Plugging old oil and gas wells may cost as much as ten times what the industry routinely estimates, according to a new report from Carbon Tracker. As oil and gas companies walk away from their “stranded liabilities,” the public may be left to pick up the tab. When oil and gas companies are finished with old wells, they are supposed to close them and pay for the cleanup. However, often the wells are abandoned, or “orphaned,” left idled but not plugged up for good. In many cases, these wells are dumped onto local and state governments, leaving taxpayers to pay for the cleanup. 

The problem is not new, however. “Bonding” for oil and gas wells have been around for many years, but the actual requirements are lax almost everywhere. Companies are not required to pay the full cleanup costs upfront, the logic often being that they will earn money as they go, better equipping them to pay for cleanup later on. 

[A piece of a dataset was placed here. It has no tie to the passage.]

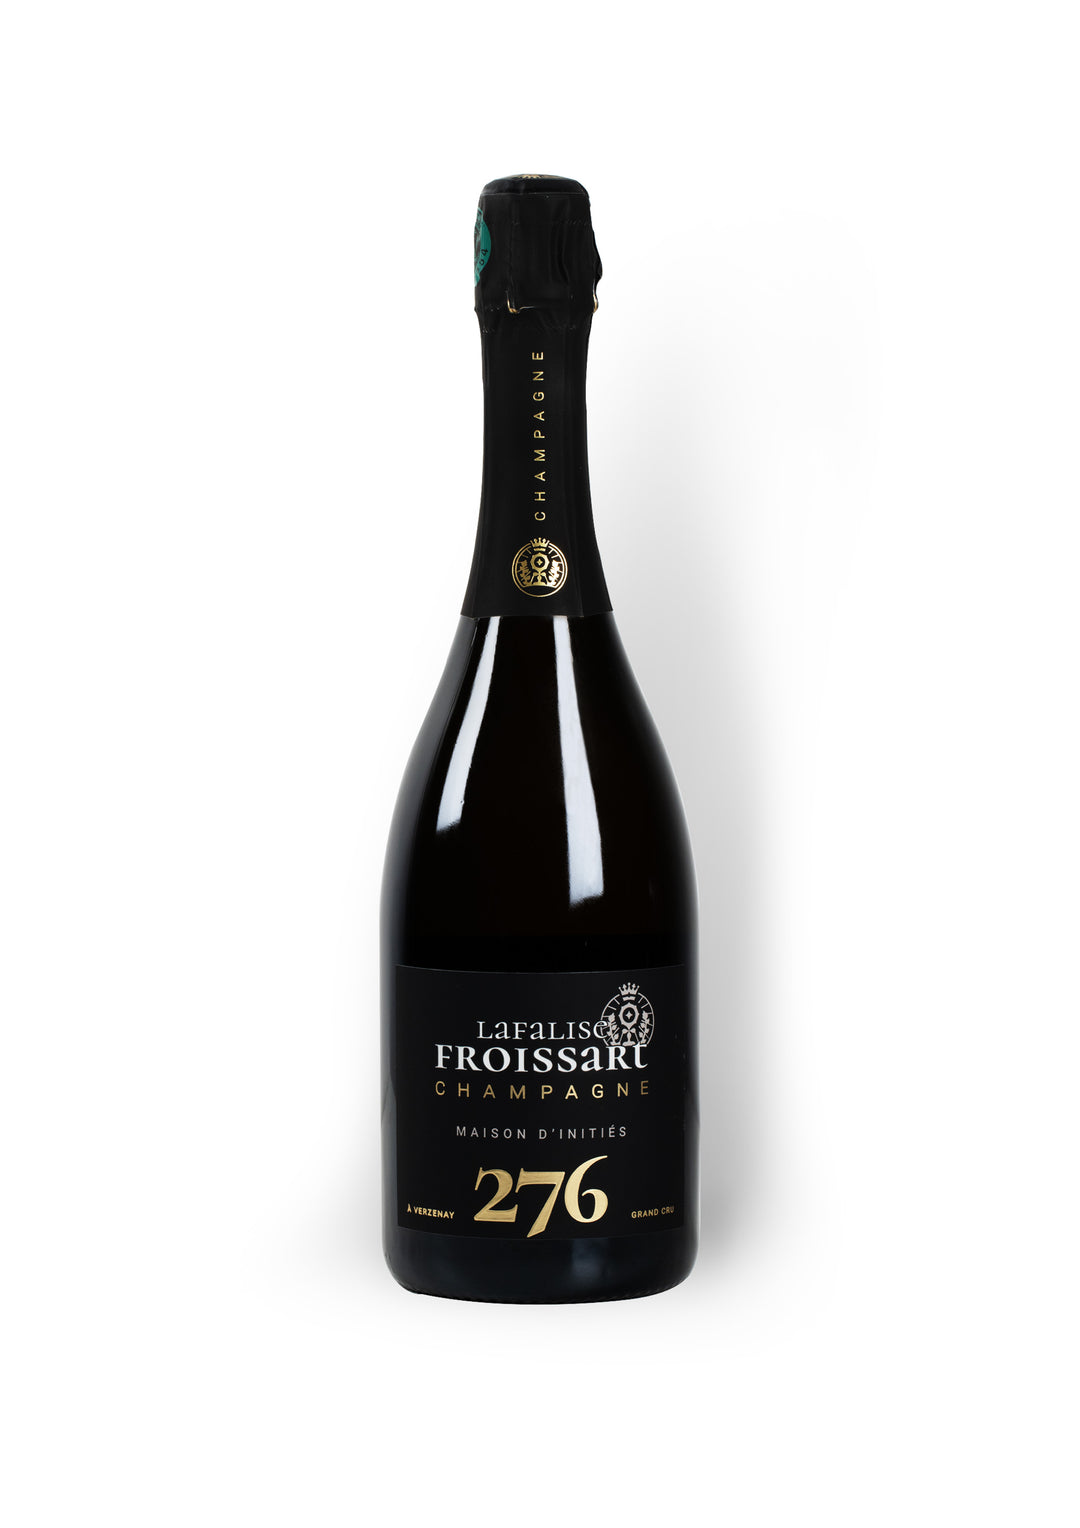 Champagne Lafalise-Froissart Brut Nature "276" NM

But when it comes time to pay, many years later, some companies do not have the money to meet their obligations. In fact, more than 200 North American oil and gas companies have filed for bankruptcy since 2015, a rate of failure that is only accelerating with the recent oil market meltdown. 

“Low bonding levels were an acceptable risk, as long as the vast majority of oil companies remained good credit risks,” Carbon Tracker said in its report

However, “[s]tates have inadvertently created a moral hazard: it’s always in the operator’s financial interest to delay permanent abandonment of wells as long as possible, often by selling late-life and marginal assets to weaker companies,” Carbon Tracker wrote. “As a predictable result, inventories of largely self-bonded idle wells, some that have been nonoperational for more than 100 years, have ballooned.”

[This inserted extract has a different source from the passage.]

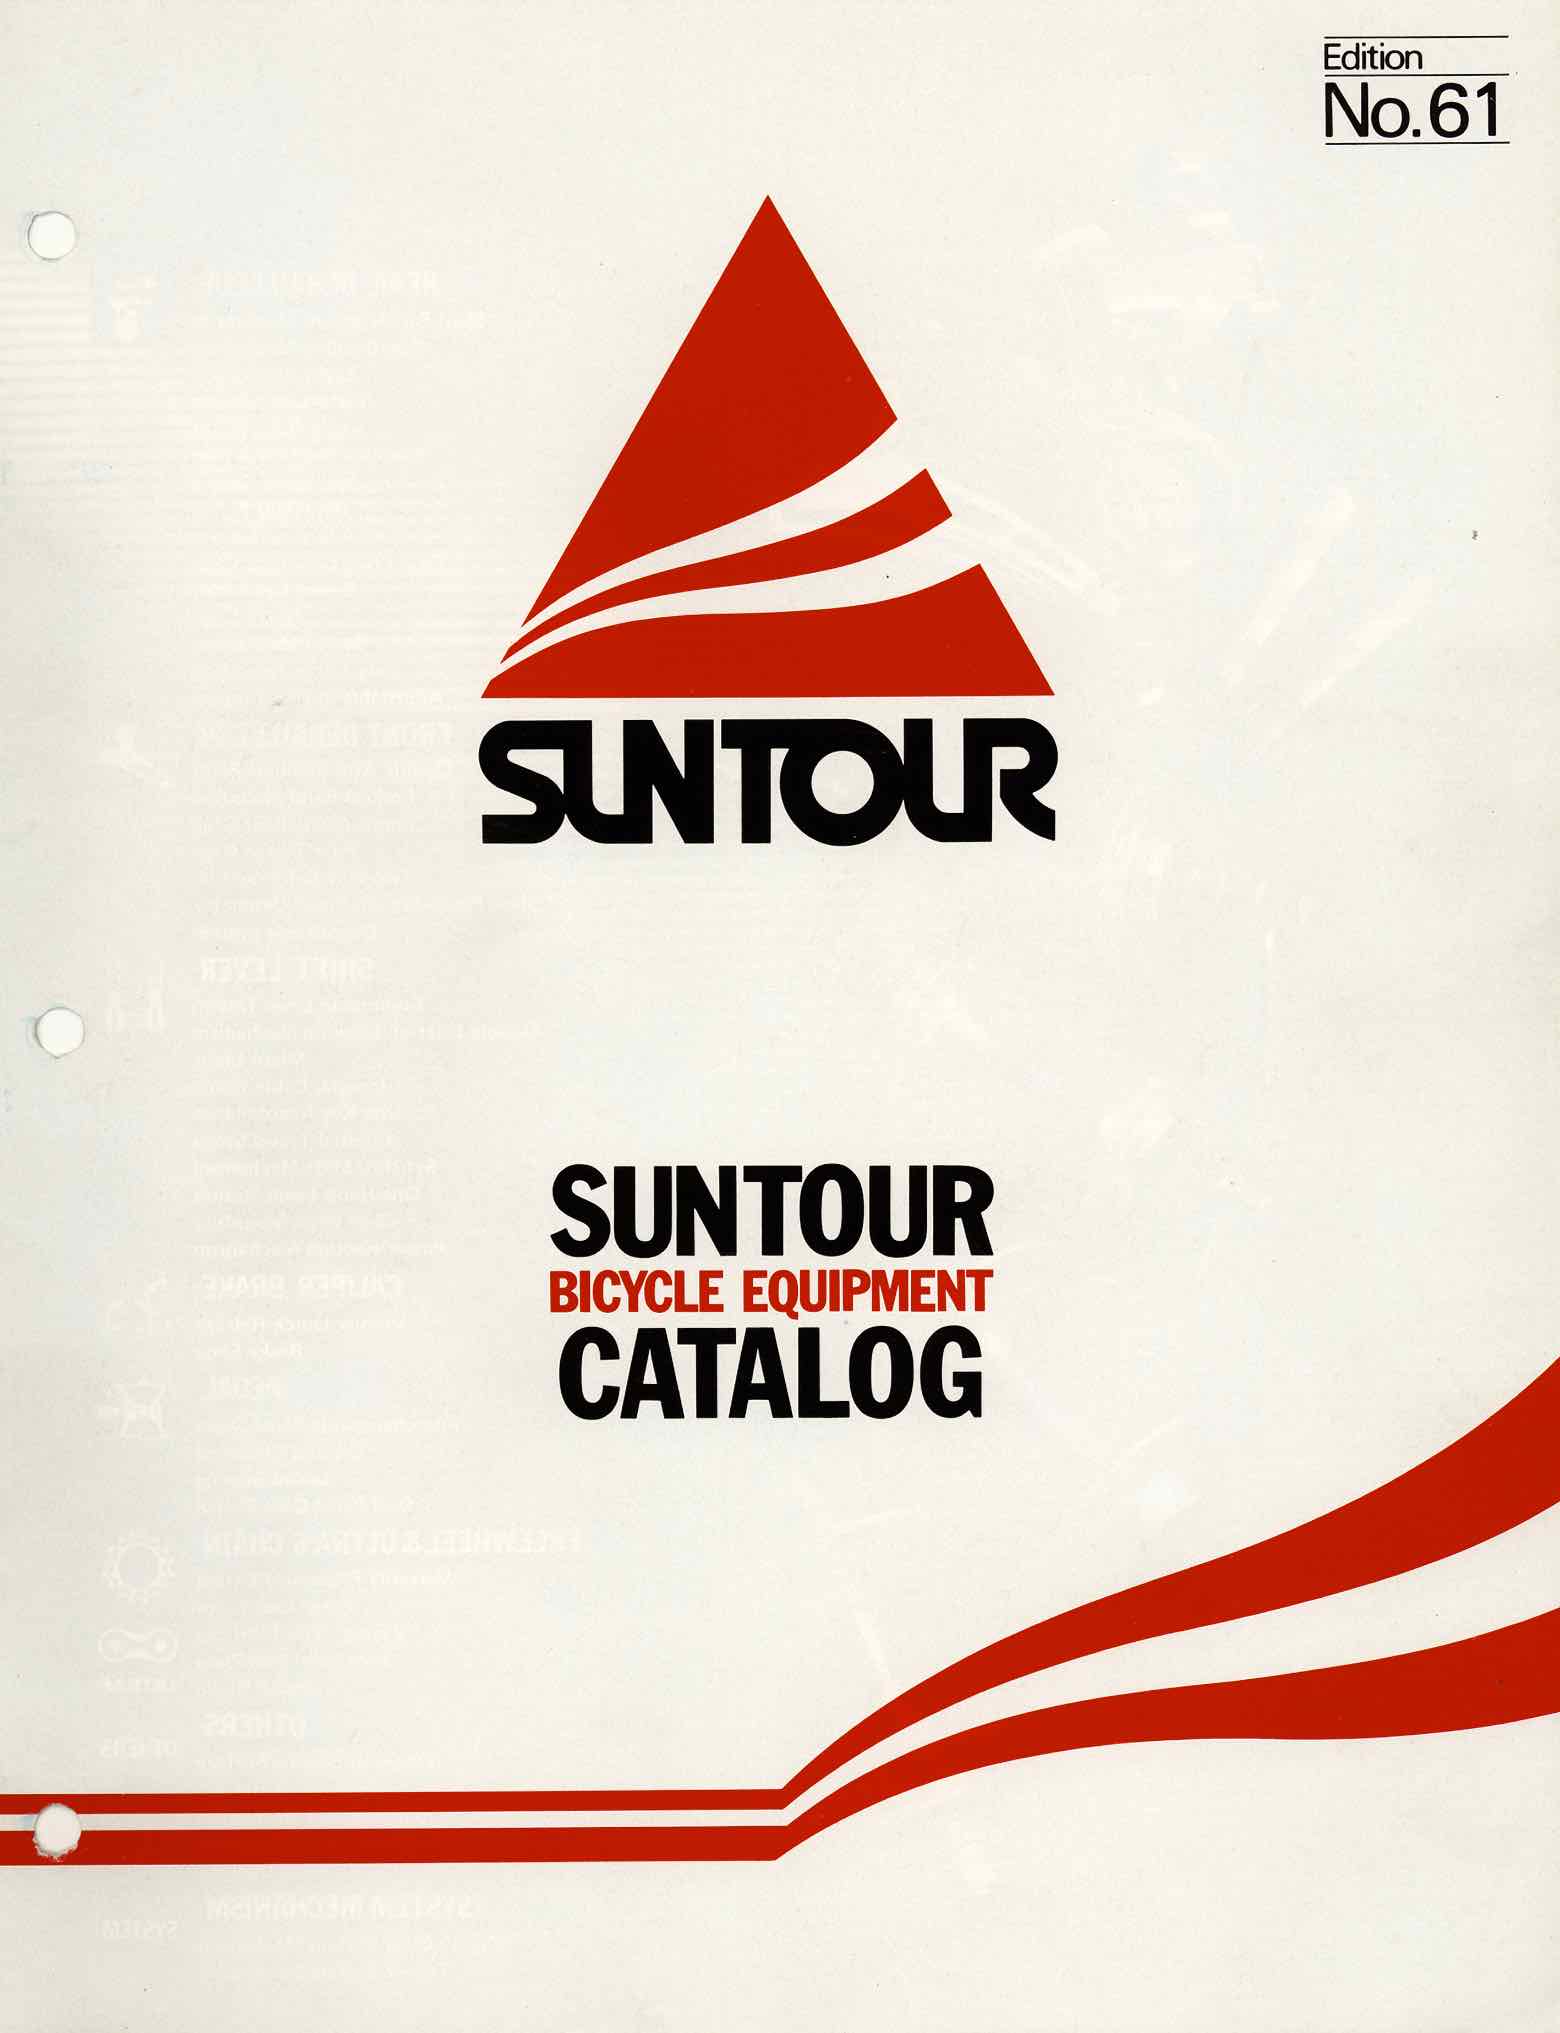 SunTour Bicycle Equipment Catalog No 61 - Front cover main image

With more and more drillers in financial distress, many more wells will wind up unplugged, leaving the public to deal with the mess. State and local governments may decide to foot the bill and pay for permanent closure, which translates into a significant subsidy for the oil and gas industry. “If instead, they are not plugged, the price will be paid by landowners, citizens, and the environment,” Carbon Tracker warned.

Related: The U.S. Is Missing A Major Energy Opportunity Tens of thousands of oil and gas wells were temporarily shut in following the sharp plunge in prices in March and April due to the coronavirus pandemic. Carbon Tracker says that not all of those wells will be reactivated. “In a two-month time period, we went from zero orphan wells to almost 400,” North Dakota Department of Mineral Resources Director Lynn Helms recently said.

Canada, too, has tens of thousands of orphaned wells with no clear path forward. 

There are enormous risks that stem from orphaned wells. A special report from Reuters found that 3.2 million abandoned oil and gas wells together emitted 281 kilotons of methane in 2018, equivalent to the emissions of 16 million barrels of oil, although that is likely a low estimate. More important to individual landowners living nearby, the wells can contaminate groundwater and soil, and emit toxic air emissions. There are also risks of explosions. 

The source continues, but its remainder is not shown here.